Returning to her career as a fashion designer is a bittersweet moment for Jovine, who is 48 and started her first signature line of knits in 1983, originally focusing on the better-priced category, but eventually moving into bridge during its boom later that decade. Jovine and her late husband, Victor Coopersmith, had started that business together and then closed it in 1998 because of financial problems and chargebacks stemming from the fallout of the bridge market, just weeks before his untimely death while swimming in Lake Powell, Ariz.
Until now, Jovine has spent her time designing interior spaces and raising a son. As the bridge market began to rebound during the past year, however, the designer said she was approached by several companies looking to revive her brand, which once stood alongside Adrienne Vittadini, Ellen Tracy, Ellen Fisher, Dana Buchman and Anne Klein as the pillars of that category.
She ultimately reached a licensing partnership with International Women’s Apparel, the women’s division of Chicago-based Hartmarx Corp., which Jovine said offered the best production ability and connection to department stores, which she was looking to develop. Hartmarx also makes Austin Reed, Ted Baker, Alex and Hawksley & Wight under its IWA umbrella.
“It’s taken me a very long time to figure out whether I wanted to come back to this business,” Jovine said. “But having been out for a couple of years, I became a consumer again, and that’s how I realized there were so many things that I wanted, but I could not find out there in the stores.”
Tom Hall, president and chief executive officer of IWA, said he was familiar with Jovine’s earlier work and felt that knit dressing in the bridge price category represented an opportunity to rebuild a branded label.
“That niche has not been filled since Andrea left the industry,” Hall said.
The company has not yet determined its exact wholesale prices, but Hall said they would remain in the bridge range. He also could not provide a first-year projection since the exact plans for the Jovine launch will be dependent on its support from department stores.
“We went into this saying we want to match up with people who want to zero in on a working relationship that would be beneficial to all working parties, who would support the line all the way down to building relationships with the consumers,” Hall said. “We are meeting with people and discussing this one day at a time.”
As for Jovine, her passion for creating never really faded, although as she and her customers have gotten older, her inspiration has changed, too.

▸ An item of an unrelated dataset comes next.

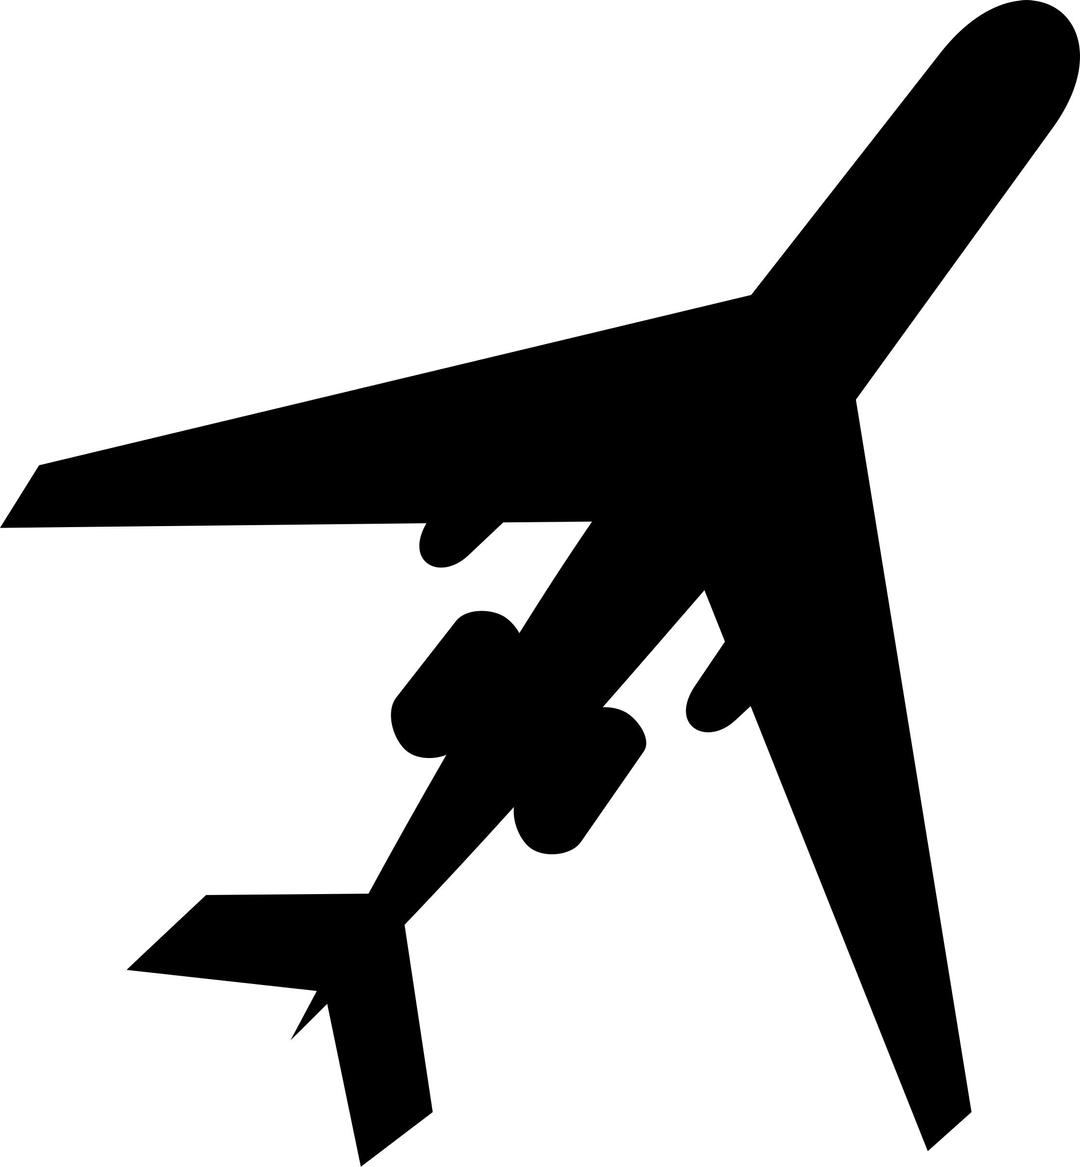 Airplane silhouette png transparent

“The aging Baby Boomers are looking for modern, forward, hip-looking clothes,” she said. “I still believe in that customer profile, but with more options and categories, like creating a knit sweater that works over woven pants, instead of all knits. It’s just a more modern way of dressing.”
Jovine’s return is driven by a separates point of view, with more narrow cuts and details that play with a more youthful attitude toward the bridge market than she has in the past. Some sweaters are sold without sleeves, while Jovine also has mixed stretch fibers with merino wool to create body-hugging jackets and a dress with shirred details on the sides. That reflects her own attitude toward dressing and how Jovine feels her customers have changed as well. There also are more details such as collegiate stripes and bullet-snaps on the side of a sweater, or an abstract Asian motif printed on the back of a blouse.
“I think she’s gotten younger in the mind-set,” Jovine said. “We as a culture have gotten younger. We’re listening to the same music as our children and going to the same restaurants. Clothing has to follow suit. We’re just exposed to everything today and I don’t think we want to get old.
“The way I personally dress now is not a designed point of view. What I pull out of the closet, what I’ve accumulated along the way, are the things I have acquired because I love them. It’s the way I like to dress, and the way I like sdto live.”